Every day seems the same, another blank stare.
All I want is to breathe, to feel like there’s a part of me that still believes
In all my hopes and my dreams, to know that there’s a heart that beats inside of me again.
I hate this town and all the sounds that drive me crazy.
I want to run or buy a gun, but I’m too lazy.
I feel so dead, I feel so numb, will nothing phase me?
I check my pulse but nothing’s there, I think I’m fading.
All I want is to breathe, to feel like there’s a part of me that still believes
In all my hopes and my dreams, to know that there’s a heart that beats inside of me again.
Out to sea, nothing but waves to surround me,
And all I feel is pain, it’s the only thing that’s real,
And all I need is time to reflect on the life I lead.
I’m lost at sea, nothing but ocean to drown me in.

THE HIT

Hey record company, do you need a hit, cause I need a hit too, to give me a different view.
Hey Mr.

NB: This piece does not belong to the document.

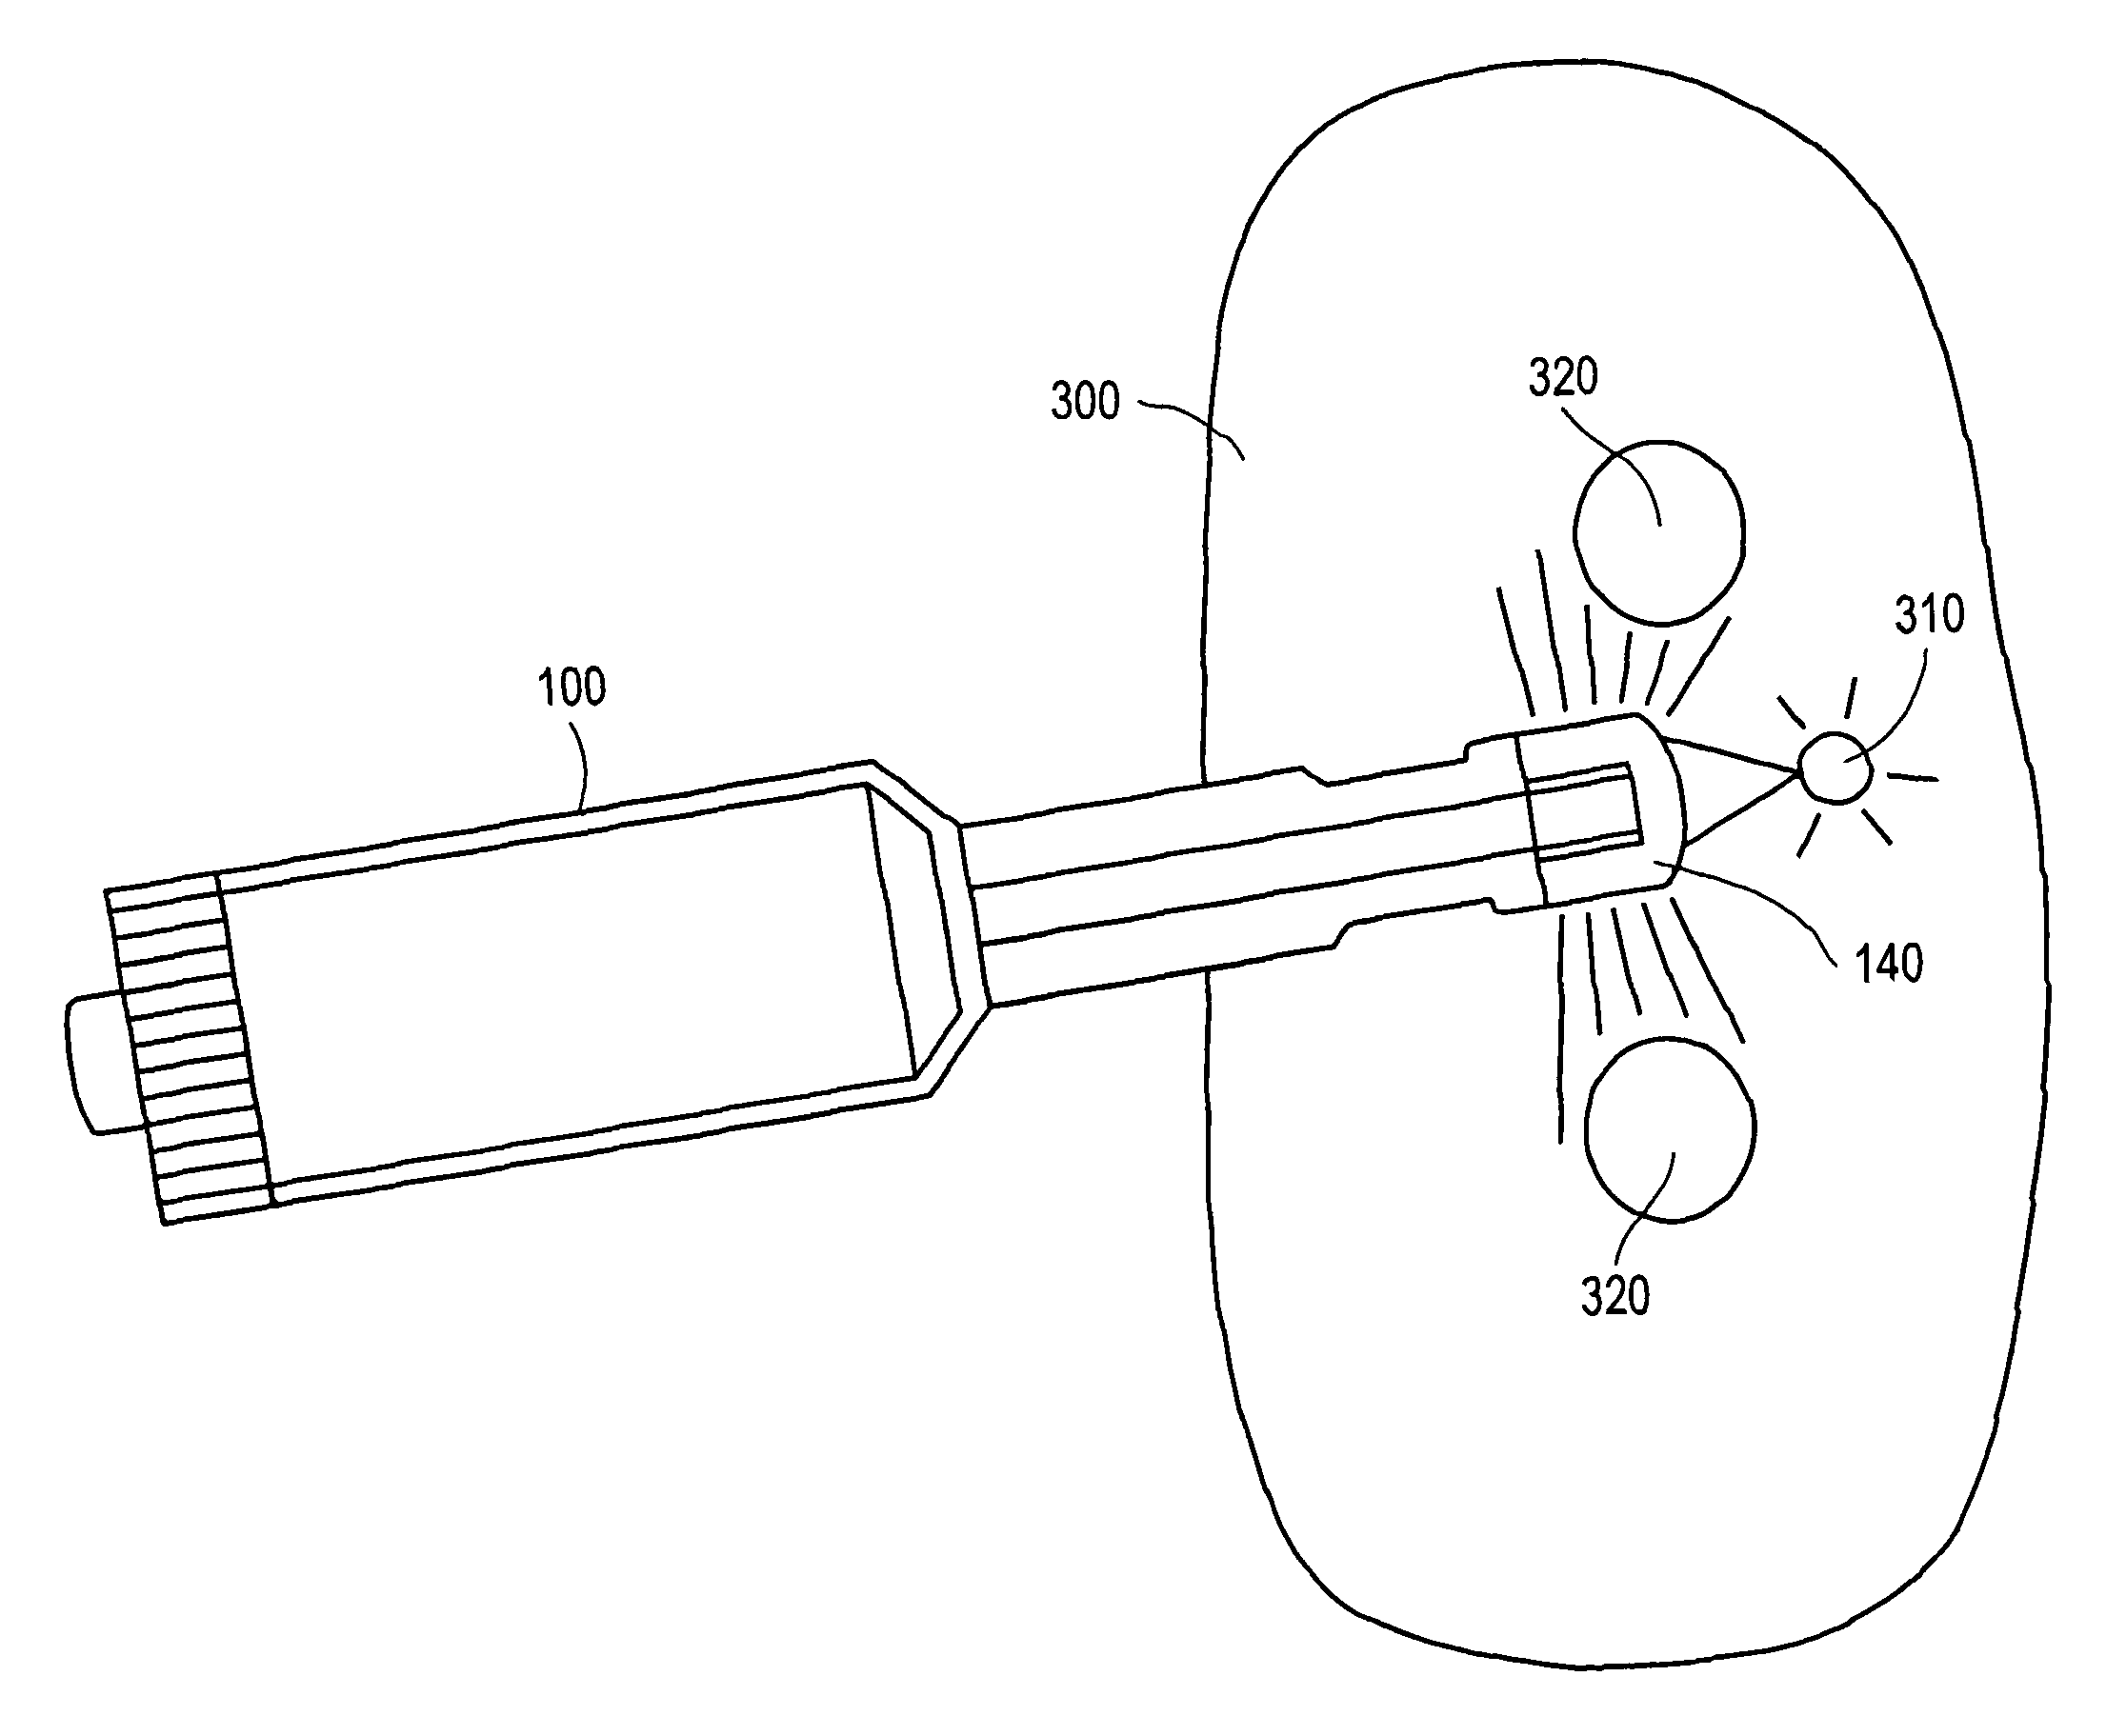 LED lighting apparatus and method of using same for illumination of a body cavity

Producer, do you want a hit, cause I want a hit too, to keep me from hitting you.
Just being in the same room with you, it makes me want to get high so I can forget you.
Just being in the same room with you, I think I’m losing my mind, I’ve got nothing to lose.
Hey landlord, do you need the rent, cause I need the rent too, so I can afford food.
Hey baby, do you need some of my time, cause I need my time too, to not think about you.
Just being in the same room with you, it makes me want to get high so I can forget you.
Just being in the same room with you, I think I’m losing my mind, I’ve got nothing to lose.
Take me away from these people that want shit from me, just tell them I’m busy, so fuck off and die.
Hey record company, do you need a hit, cause I need a hit too, to keep me from hitting you.

LOSER

I’ve always tried for the best, I never wanted everything to end up so confusing.
If all my life is a test, I never thought that God would find my failure so amusing.
Give me something good and I’ll fuck it up, all my life I’ve tried but never had much luck
To be happy but I guess it’s just not meant to be, I’m gonna die a loser.
I’m sorry, family and friends, I always wanted to be something you could all be proud of,
But all I am is a mess, and you still give me every chance in the world and all of your love.
Give me something good and I’ll fuck it up, all my life I’ve tried but never had much luck
To be happy but I guess it’s just not meant to be, I’m gonna die a loser.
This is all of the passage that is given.